Как куча навоза, поморщился Варенцов. Поискав на столике, Настя сунула в рот сигарету и щёлкнула зажигалкой. В крохотном зареве Варенцов успел разглядеть на левом предплечье девушки цветную татуировку: вставшая на хвост кобра сжимала ядовитыми клыками огромный алмаз.
Не глядя на Варенцова, Настя монотонно заговорила:
– У меня было всё: семья, дом, работа. После интерната три года проучилась в Физтехе, вернулась к маме и закончила школу телохранителей… я всю жизнь была повёрнута на у-шу, как ты на чистоте.
– Помню. А помнишь, как тебя обходил физрук после серии показательных упражнений? Девочек лапал на перекладине, мы все ему горько завидовали… а тебя ни разу не тронул.
– Я ему как-то шепнула… немного о себе. Что, и сейчас ревнуешь? Расслабься, шучу. Итак, я стала телохранителем.
– Татуировка оттуда?
– Да так, символ школы боевого искусства. Связалась с заезжими киношниками. Очень им нравилось, как я ногами в полёте бью пивные бутылки… ну, дальше больше, вышла замуж за каскадёра. Моталась за ним по России и вскорости овдовела: разбился Петечка на Эльбрусе. Его брат позвал работать к себе, в той же должности – а тут ты нагрянул со всей своей дурацкой проверкой.
– Ничуть она не дурацкая! Сколько тебе обещано, если сорвёшь отчёт?
– Догадайся с трёх раз! Твою, Ваня, буйную голову. Уйдёт в Москву компромат – полетят работнички, а твоей башкой придётся закрыть хит-парад.
– Ручонки пообломаю…
– Пулю не схватишь, как говорил один знакомый чечен. Чего мне, дуре, недоставало?! Путёвки в лучшие места. Кирпичную дачу добила по ипотеке. Поклонники в лимузинах выгуливают… так нет же! Москвича захотелось. А в белокаменную не хочется, сыта по горло столичной жизнью...

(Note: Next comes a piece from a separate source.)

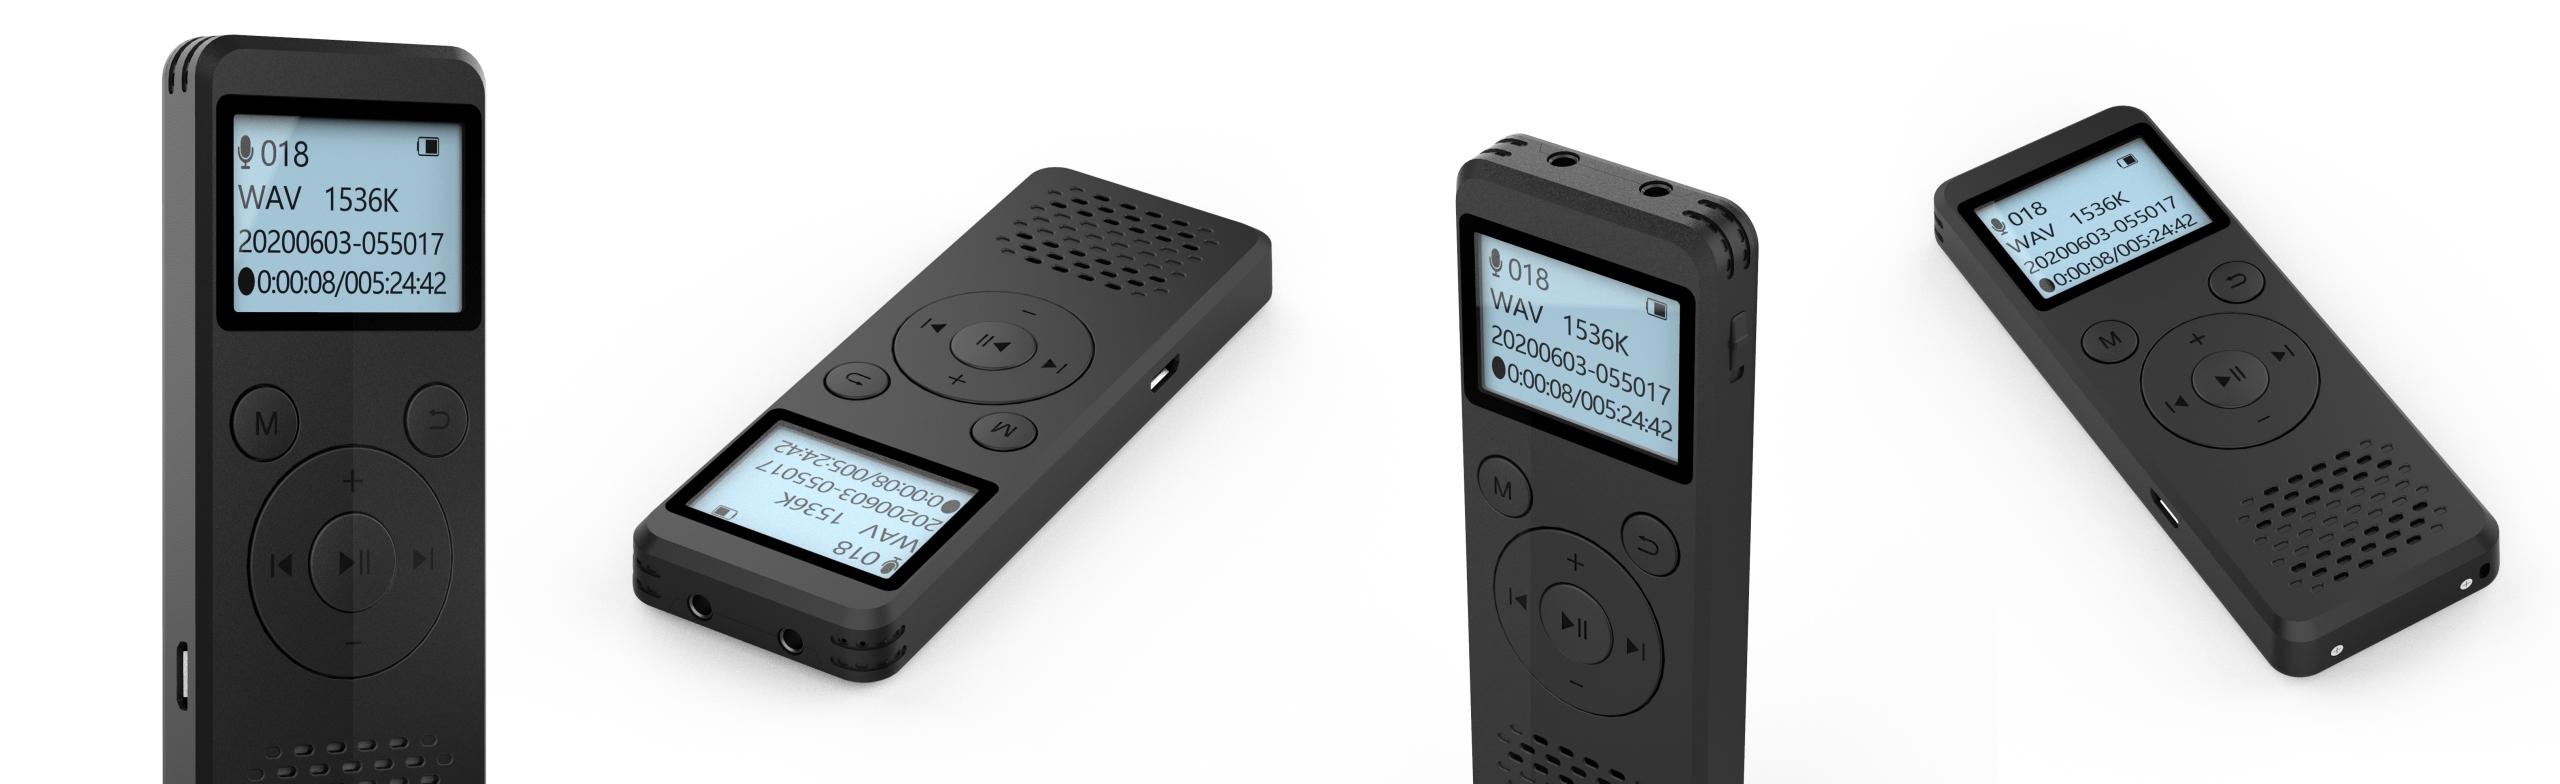 Szpiegowski Dyktafon cyfrowy1536Kbps 8GB detekcja Funkcje blokada przycisków funkcja dysku wymiennego podświetlenie wyświetlacza regulacja czułości mikrofonu regulacja prędkości odtwarzania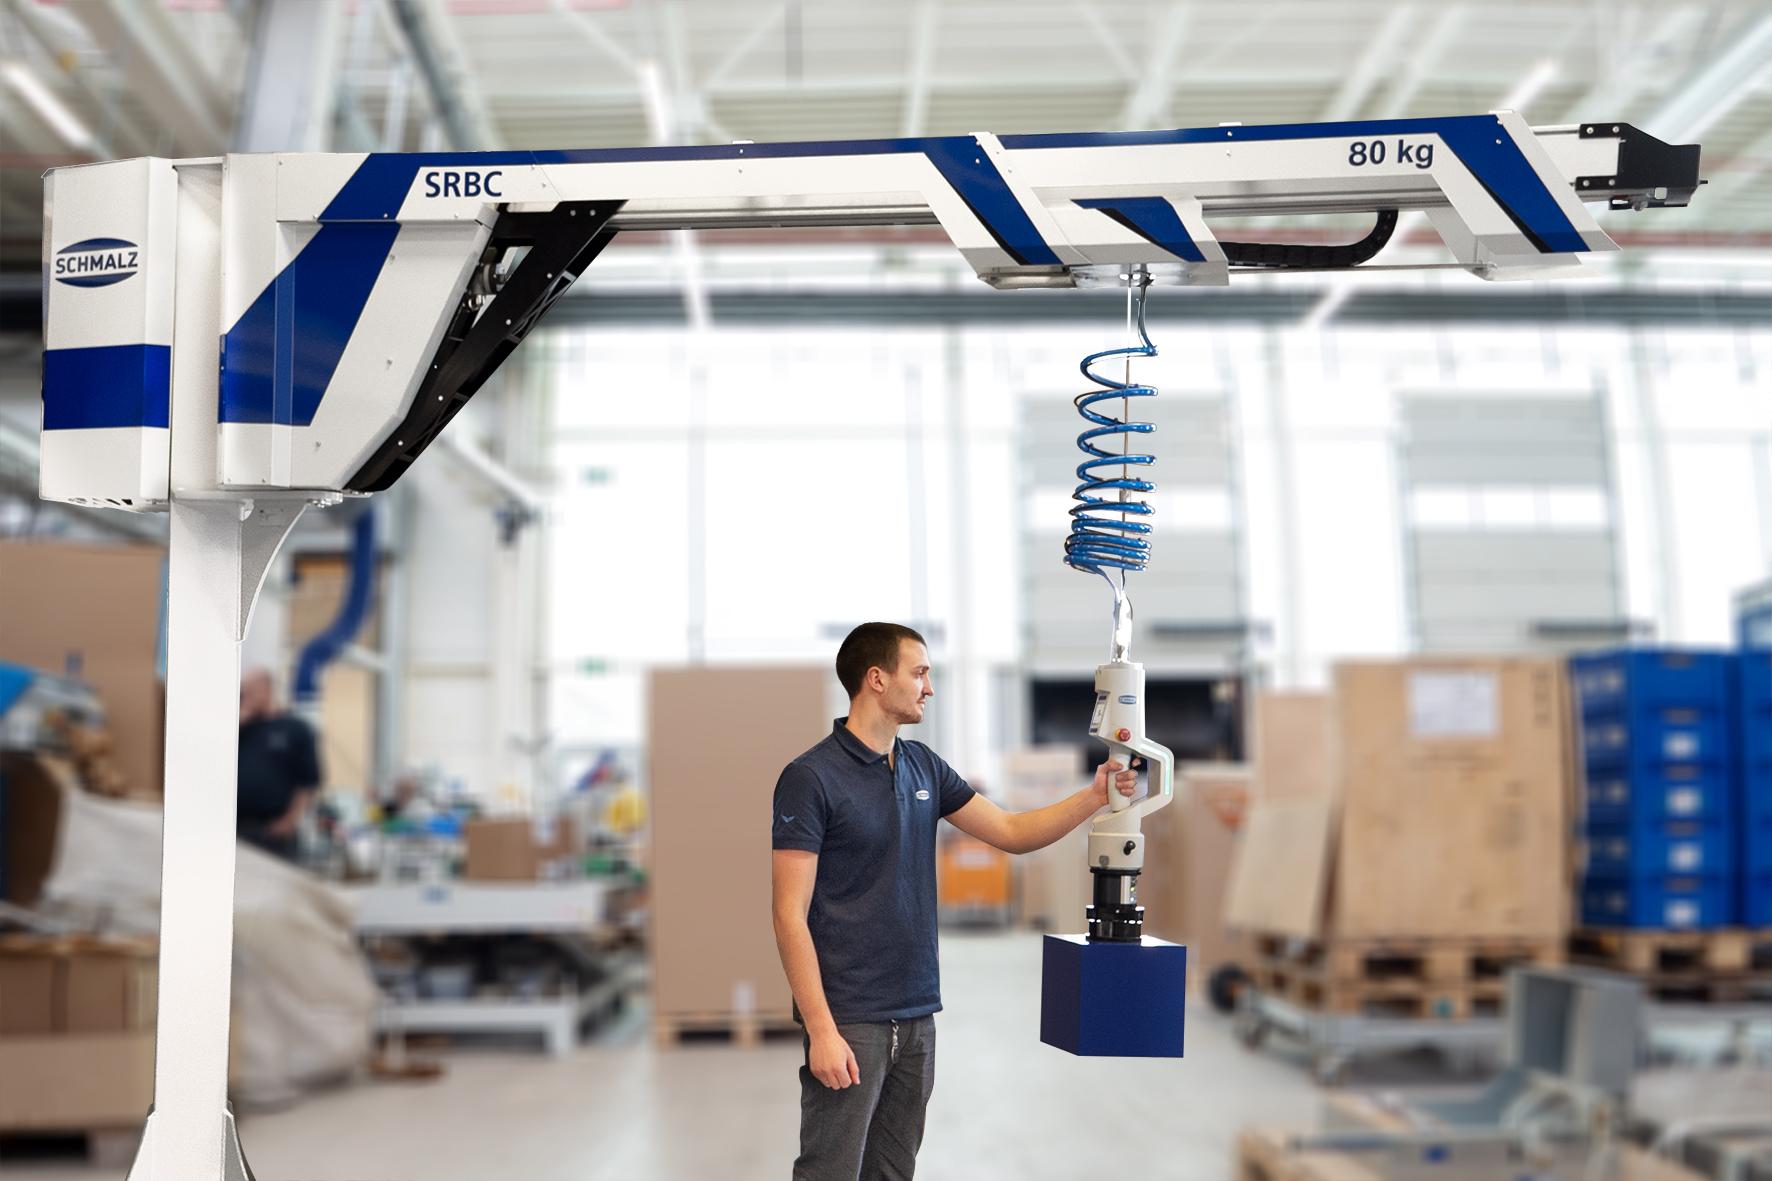 Schmalz hat mit dem kollaborativen Seilbalancer SRBC eine neue Klasse an Hebegeräten entwickelt, die von Grund auf für den Einsatz in der digitalen Produktionsumgebung ausgelegt ist. (Bild: J. Schmalz GmbH)

– Вздремнула бы, Настёна. Светает.
Нет ответа. Оказалось, Настя уже спала.
Завёрнутый в махровое полотенце, Варенцов курил, прислонившись к открытой балконной двери. Море на заре лениво ворочалось, перемешав бирюзу и яхонты. Ветер мчался в соседнее полушарие. Сумрачная синева истончала, как весенний сугроб. В коридоре шуршали тряпками, шаркали ногами уборщицы. Постояв, Варенцов отыскал в разбросанной одежде блокнот, подержал задумчиво в руках. Полистав бумажные листочки, медленно, поштучно разорвал их в клочки. Вернувшись к постели, Варенцов присел на край и принялся разглядывать Настю. Наверняка решит, что я струсил, стучало у него в висках.
Что прячется за сим дивным обликом? Повторение пройденного?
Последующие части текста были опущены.